This post originally appeared at Talk Poverty.
What if you had to make a choice between hunger or deportation?
As the Trump era unfolds in California, fear of an Immigration and Customs Enforcement crackdown is disrupting the daily lives of immigrants and their families. In a state with 5.4 million non-citizen residents — and where nearly half of all children have at least one immigrant parent — the president’s promise to increase deportations may already be affecting the health and livelihoods of families, even those here legally, by discouraging them from turning to public-assistance programs or from working.

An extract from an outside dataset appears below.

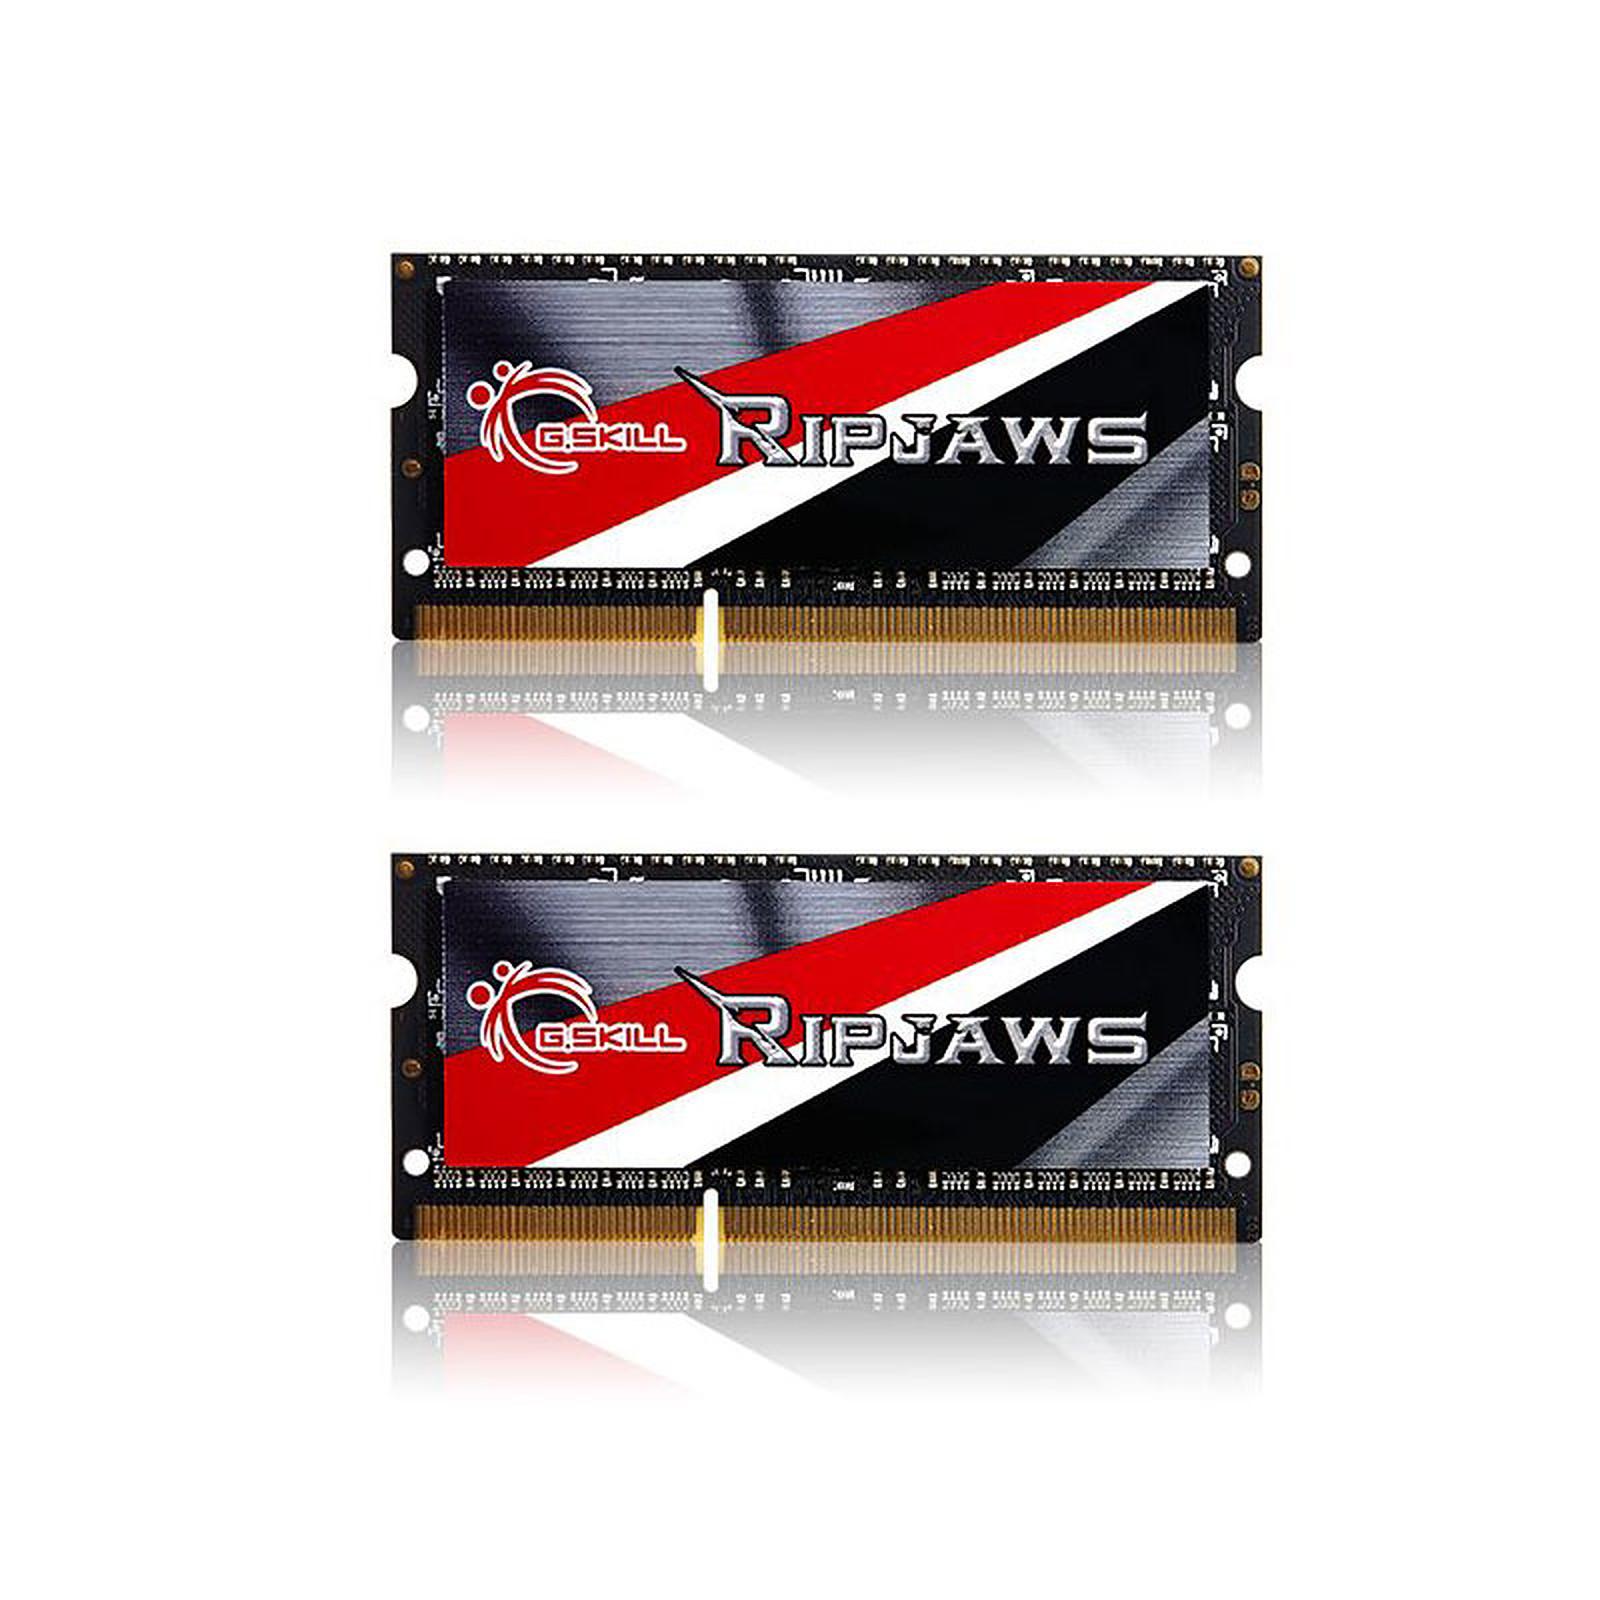 G.Skill RipJaws Series SO-DIMM 16 Go (2 x 8 Go) DDR3 1600 MHz CL11

At the Alameda County Community Food Bank in the San Francisco Bay area, 40 families recently requested that their food stamps be cancelled, according to Liz Gomez, ACCFB’s associate director of client services. Another 54 Spanish-speaking households that pre-qualified for the Supplemental Nutrition Assistance Program turned down the opportunity to apply. Gomez says that the combination of a leaked draft executive order suggesting that legal immigrants could be deported for turning to public assistance within their first five years of arrival, as well as local ICE sweeps — and stories about raids and arrests elsewhere — are making immigrants afraid to give their information to service providers.
— Liz Gomez, Alameda County Community Food Bank
ACCFB has one of the largest SNAP outreach programs among food banks nationwide. It also provides enough food for 580,000 meals each week through food pantries, soup kitchens, child-care centers, senior centers, after-school programs and other community-based organizations.
“We are concerned that some people are hesitant to visit a food pantry out of fear that ICE could show up,” said Gomez.
Indeed, Heidi McHugh, community education and outreach coordinator at Food for People in Humboldt County, says they have seen a decline in Latino clients at some sites. The organization runs 14 community food programs including meals for seniors, food pantries, school meal programs and a mobile produce pantry that travels throughout the county to distribute vegetables. This month, when it stopped in a community that historically turns out 20 or 30 Latino households, only five Latino households showed up.
“We had previous customers drive by without stopping,” said McHugh. “Our pantries in the communities with high proportions of Latino residents say that they are seeing fewer people coming for food.”
Qualifying for Medicaid, SNAP or WIC can’t currently be used as legal cause for deportation or denying someone citizenship. But people are still afraid, Gomez said, even immigrants with legal status. Given the leaked draft executive order, providing personal information feels risky, at best. “They fear it will be shared,” said Gomez. “But it’s important for people to know that information like immigration status is not collected by pantries or meal programs — they’re simply there to help people who need food.”
About 45 percent of immigrant-headed families with children use food assistance programs. While undocumented immigrants are not eligible for food stamps, many families include children who are US citizens, and parents may apply on their behalf. Immigrants are more likely to be poor and to experience food insecurity than other groups of Americans; still, there is evidence that they’re already less likely to use public assistance than native-born citizens.
The economic impacts of forgoing benefits ripple to the surrounding community: Gomez said that the 40 households that canceled SNAP benefits and the 54 households that didn’t apply adds up to $630,000 annually in lost stimulus to the local economy. “And that’s just one example from our own work,” she said. “What’s the economic impact in communities across the country?”
Given recent ICE activity around the country, it’s not hard to see why immigrants might worry about the risks of using social support programs. Recently, ICE agents entered a courthouse in El Paso County, Texas and arrested a domestic violence victim who was trying to get a restraining order against her alleged abuser. In Alexandria, Virginia, there was a report of homeless people being interrogated by ICE at a church where they’d taken shelter from the cold. And in Los Angeles, a father was arrested by ICE immediately after dropping off his 12-year-old daughter at school.
Last month, two California state legislators sent a Freedom of Information Act request to the federal government seeking information about reported ICE activities in “sensitive locations” like “schools, hospitals, medical clinics, community centers, courts, government offices or churches.” Assembly Speaker Anthony Rendon and Senate President Senate President Pro Tem Kevin de León wrote that “the fear of possible ICE enforcement activity in sensitive spaces prevents Californians from accessing services, including educational, medical and law enforcement assistance.”
At a recent press conference in Fortuna, a small northern California city where nearly 20 percent of residents are Latino, members of the community talked about how the presence of ICE agents had disrupted their lives, including their ability to work. Jorge Matias, a community health worker, said there are parents who are “afraid to leave their homes to go to work or to go to their children’s schools for fear of being deported.” A woman named Karina Coronel said her children, ages 4 and 6, have recently been bullied at school by students and a teacher, and that she has been shoved in stores and repeatedly told to “go back to Mexico.” Coronel said, “Right now I am very fearful to even leave my home.”
“What gets me is that our people were already struggling,” said Gomez, noting that a 2014 study conducted by ACCFB showed that half of the food bank’s clients were already forced to make impossible choices between food and things like rent, utilities, transportation and medicine. “People are literally now making the choice not to eat or to sacrifice their health because they are so invested in being an American,” said Gomez.